The Golden Chersonese or Golden Khersonese (, Chrysḗ Chersónēsos; ), meaning the Golden Peninsula, was the name used for the Malay Peninsula by Greek and Roman geographers in classical antiquity, most famously in Claudius Ptolemy's 2nd-century Geography.

Name
The earliest references to a fabulous land of gold that could be interpreted as places in South East Asia may be found in Indian literature.  In Ramayana, there are mentions of Suvarnabhumi (Land of Gold) and Suvarnadvipa (the Golden Island or Peninsula, where dvipa might refer to either a peninsula or an island) Greek knowledge of lands further to their east improved after the conquests of Alexander the Great, but specific references to places in South East Asia did not appear until after the rise of the Roman Empire. Greek and Roman geographers Eratosthenes, Dionysius Periegetes, and Pomponius Mela had written about a Golden Isle (Khrysē, Chryse Insula), which some in modern times argued to mean Sumatra while excluding the Malay Peninsula.
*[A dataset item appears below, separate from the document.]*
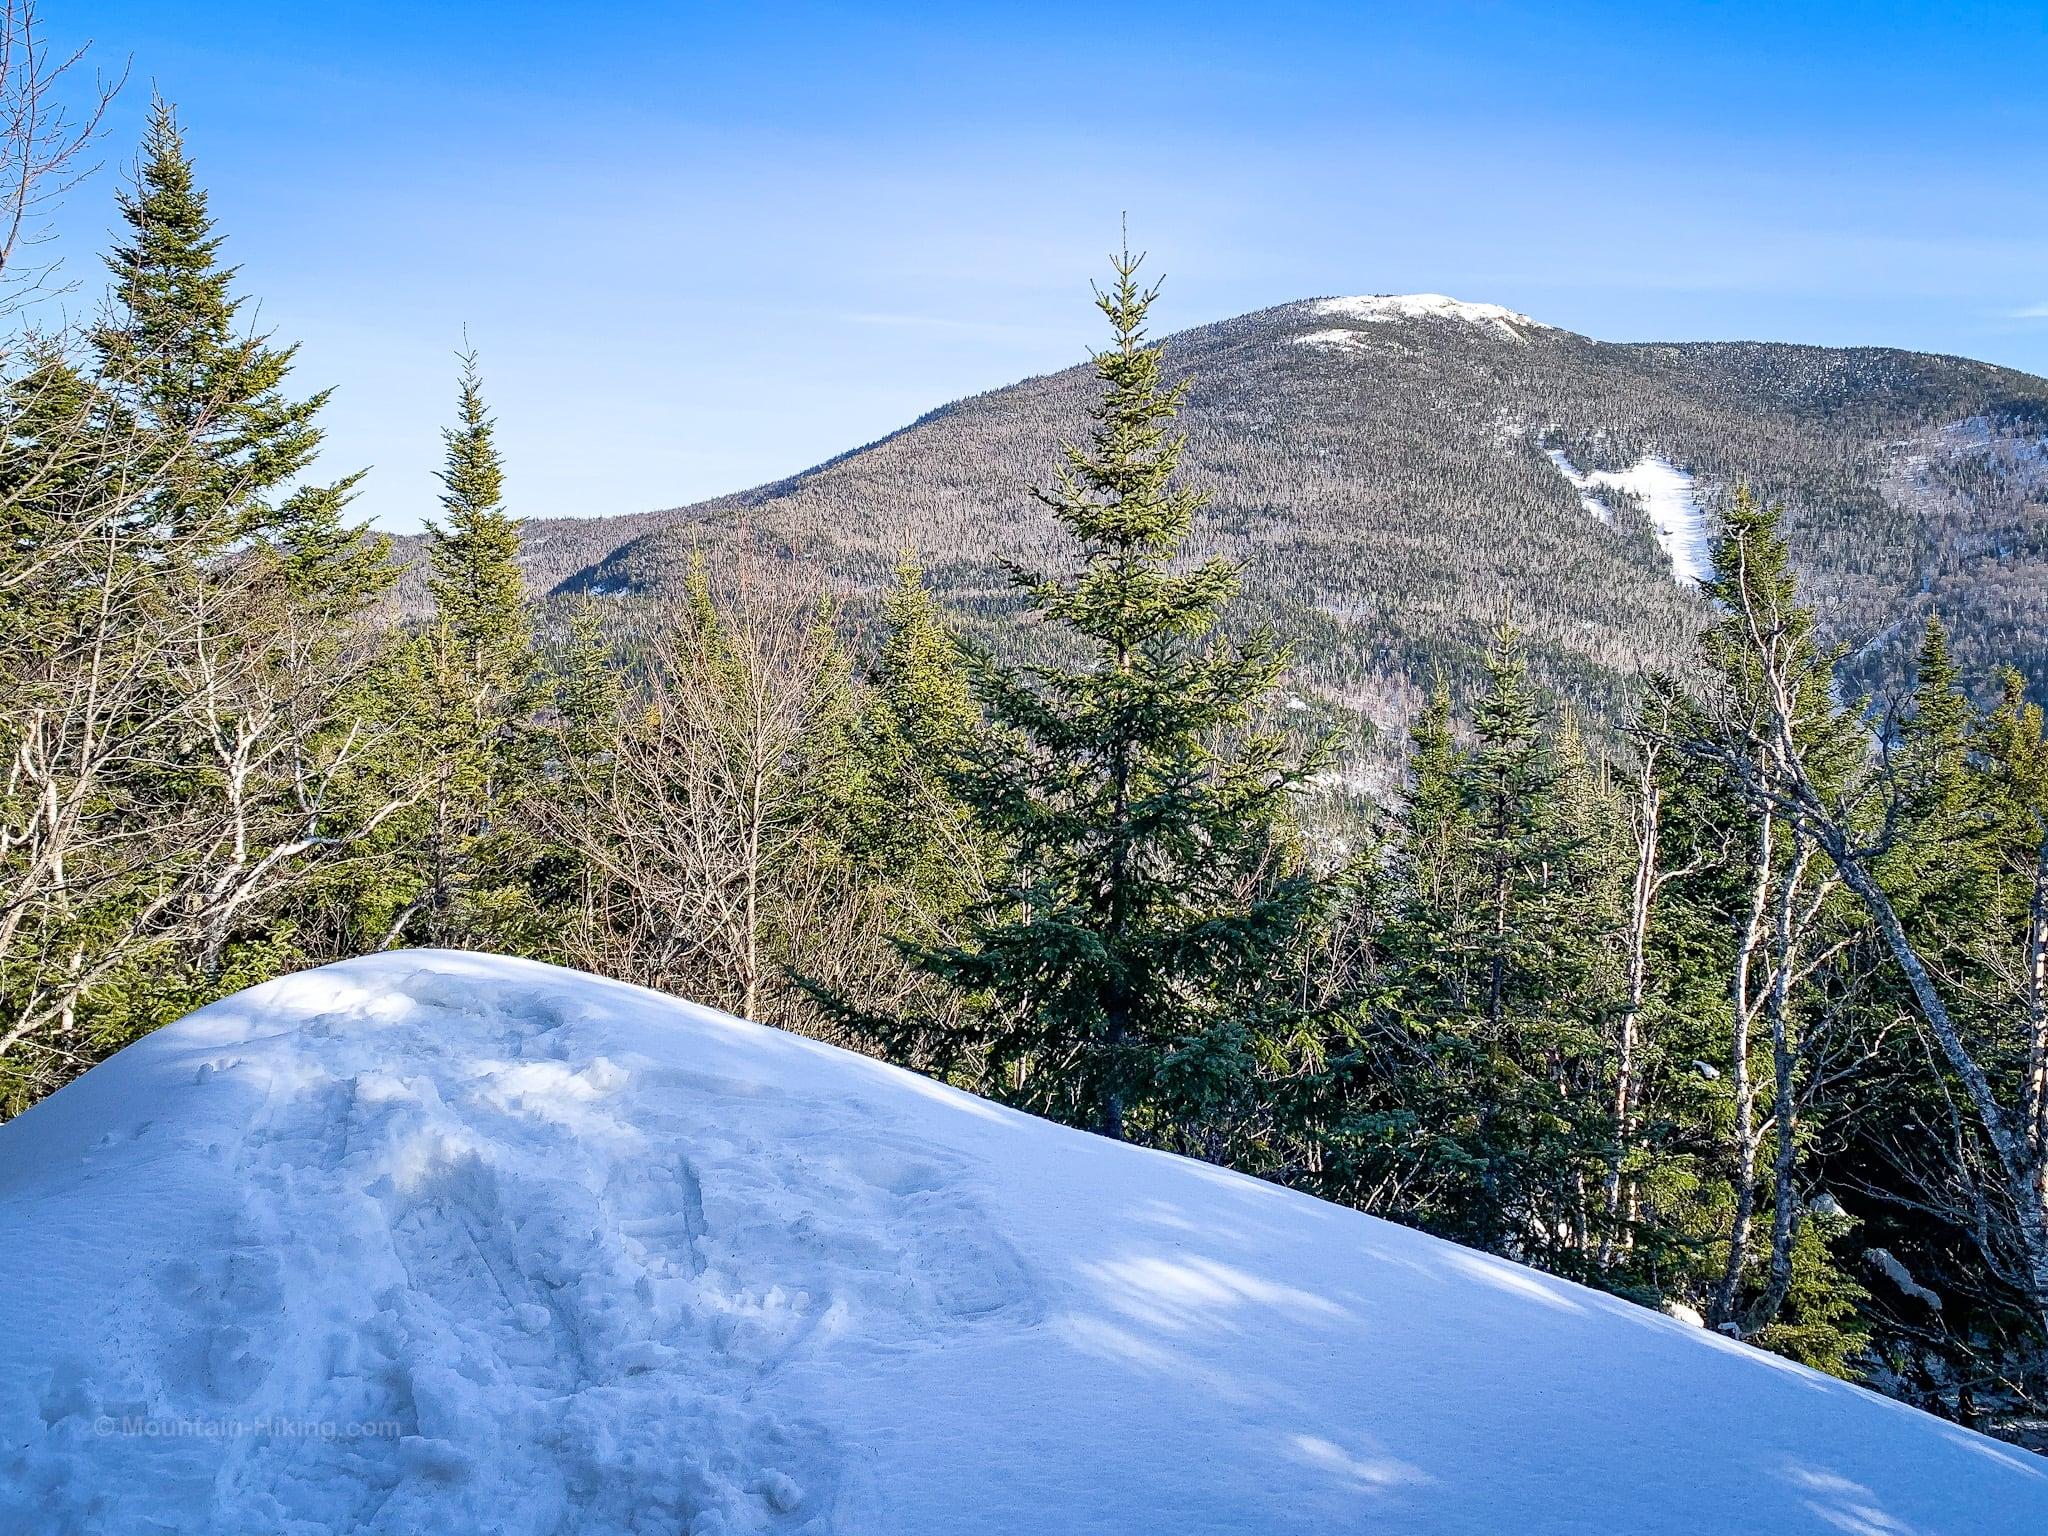 snowy mountain lookout

Pliny in Natural History, however, referred to Chryse as both a promontory and an island.

Ptolemy's Geography, based on the work by Marinus of Tyre, contains the best-known and perhaps the earliest reference to the Golden Chersonese. However, Geography includes information added by later geographers, and the first specific mention of the Golden Chersonese may be in the work of Marcian of Heraclea. Chersonese means peninsula in Greek, and although a few early scholars had attempted to link the Golden Chersonese with Lower Burma, the term is now generally accepted to mean the Malay Peninsula.  The Malay Peninsula is thought to have been a producer of gold in ancient times, and gold mines in Patani and Pahang were still mentioned in the 17th century by the Malay-Portuguese writer Godinho de Erédia.  Although gold is now not a major product of modern-day Malaysia, it is still being mined, for example in Raub in Pahang.

Cartographic references
 

The Golden Chersonese appears in the map of Ptolemy, which gives some geographical locations on the peninsula. The earliest surviving maps of Ptolemy, however, came from the end of the 13th century. Note that Ptolemy, like many early geographers, believed the Indian Ocean to be a closed sea, and maps based on Ptolemy's work show Golden Chersonese to be located within a closed basin. To the east of the Golden Peninsula is the Great Gulf, which is enclosed further east by the border of terra incognita (unknown lands). Arab geographers were aware that the idea of the Indian Ocean as a closed basin was mistaken by the 8th century, for example in the work of al-Khwārizmī, Book of the Description of the Earth.  They showed that the Indian Ocean might be linked to the World Oceans, with the eastern limit of the inhabited world beyond the Malay Peninsula being the Island of the Jewel in the Sea of Darkness. The Ptolemaic eastern shore became the Dragon's Tail peninsula.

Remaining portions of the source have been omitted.